Task details
Would you transcribe the entries below, beginning at the line with "2.13.3. Проекционный метод" and ending after the line with "po angielsku sprzedam", exactly, with no picture and nothing more?

──────── Data shown ────────

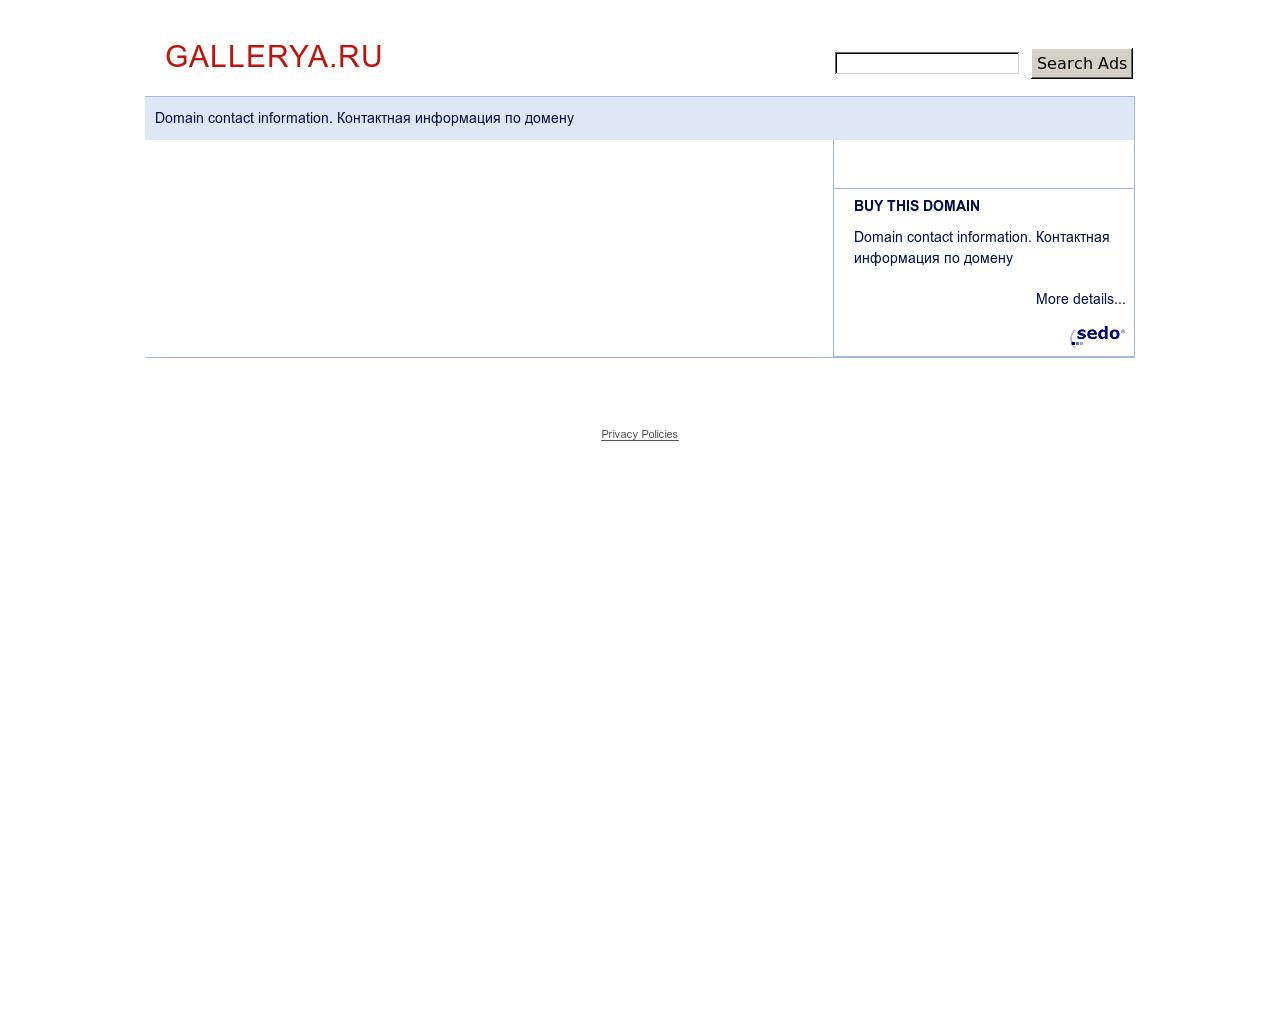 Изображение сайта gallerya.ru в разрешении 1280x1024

────────
──────── Data shown ────────

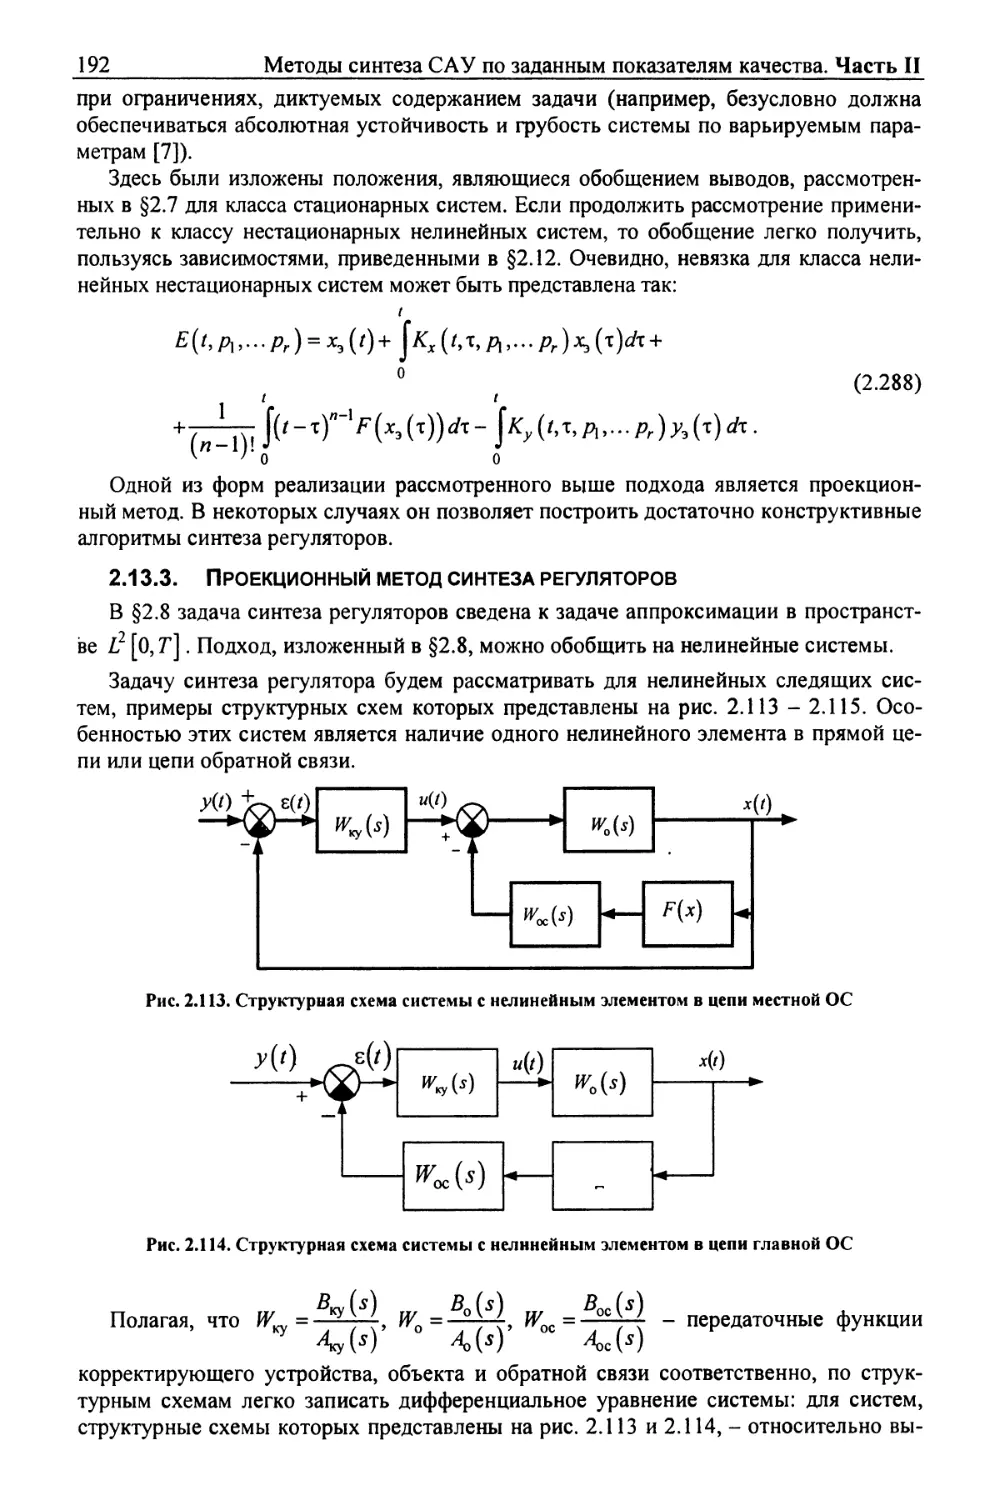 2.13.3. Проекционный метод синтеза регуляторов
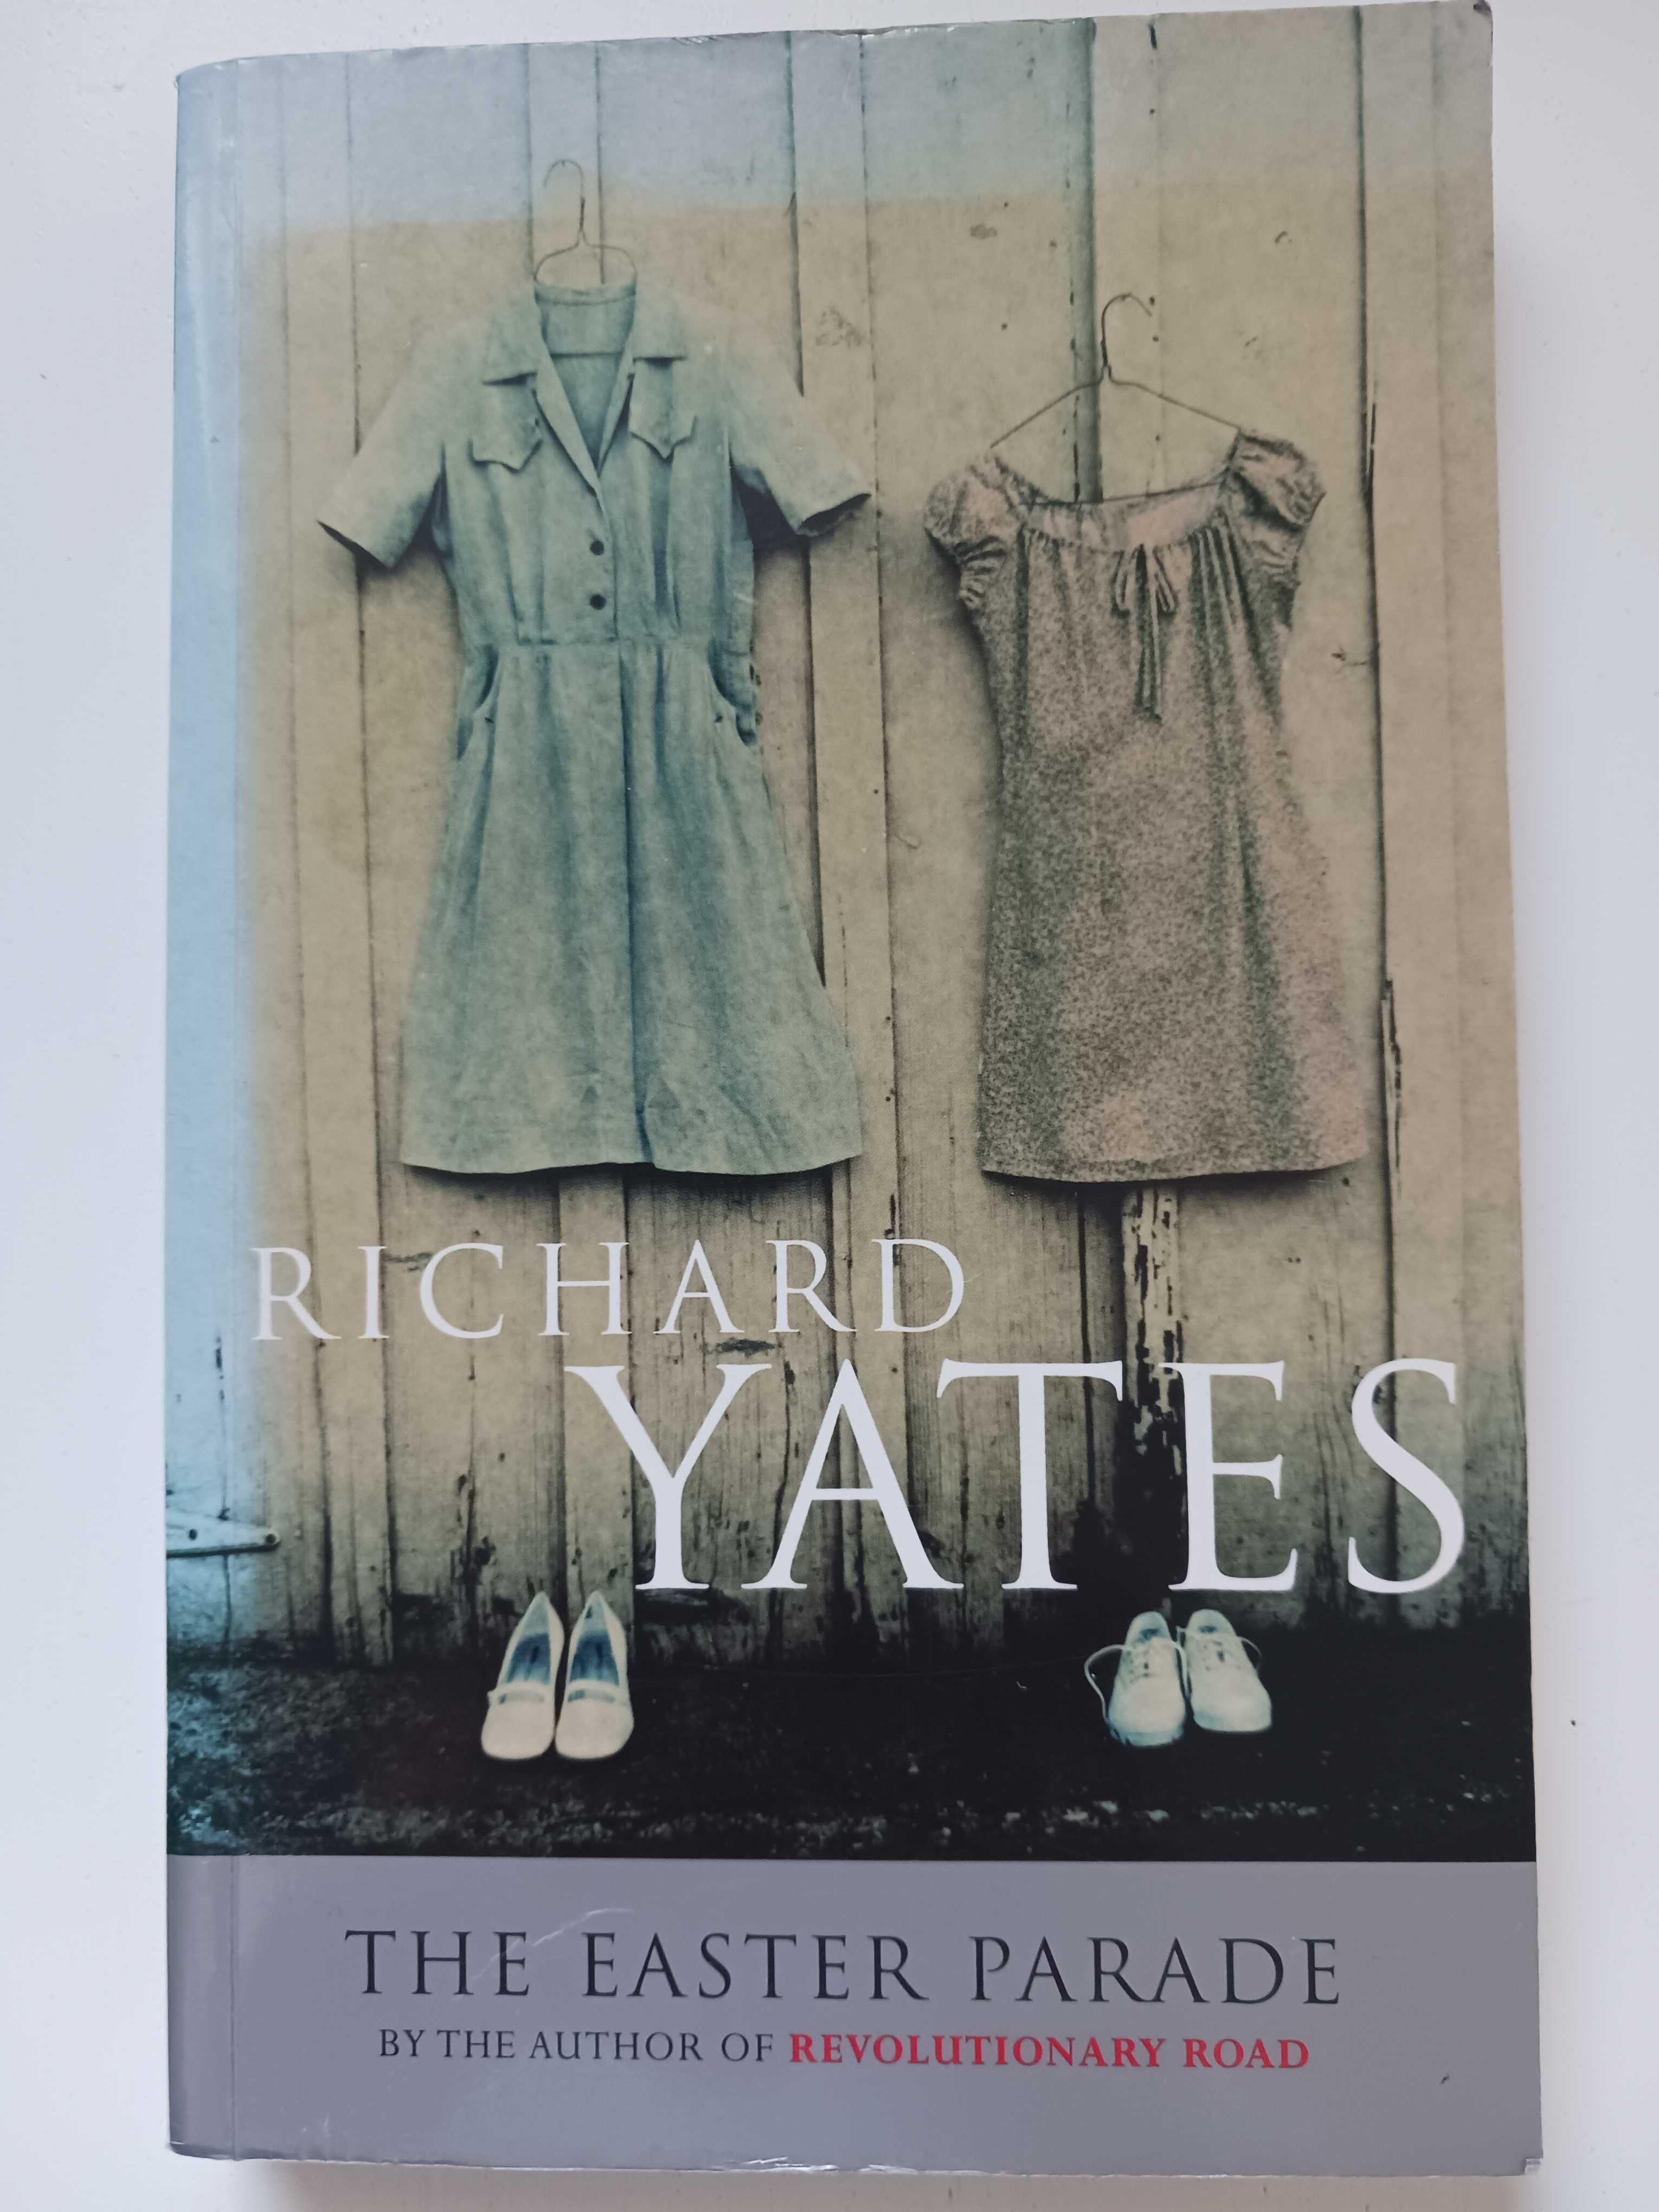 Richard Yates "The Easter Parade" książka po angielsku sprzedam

────────

Output of the task
 2.13.3. Проекционный метод синтеза регуляторов
 Richard Yates "The Easter Parade" książka po angielsku sprzedam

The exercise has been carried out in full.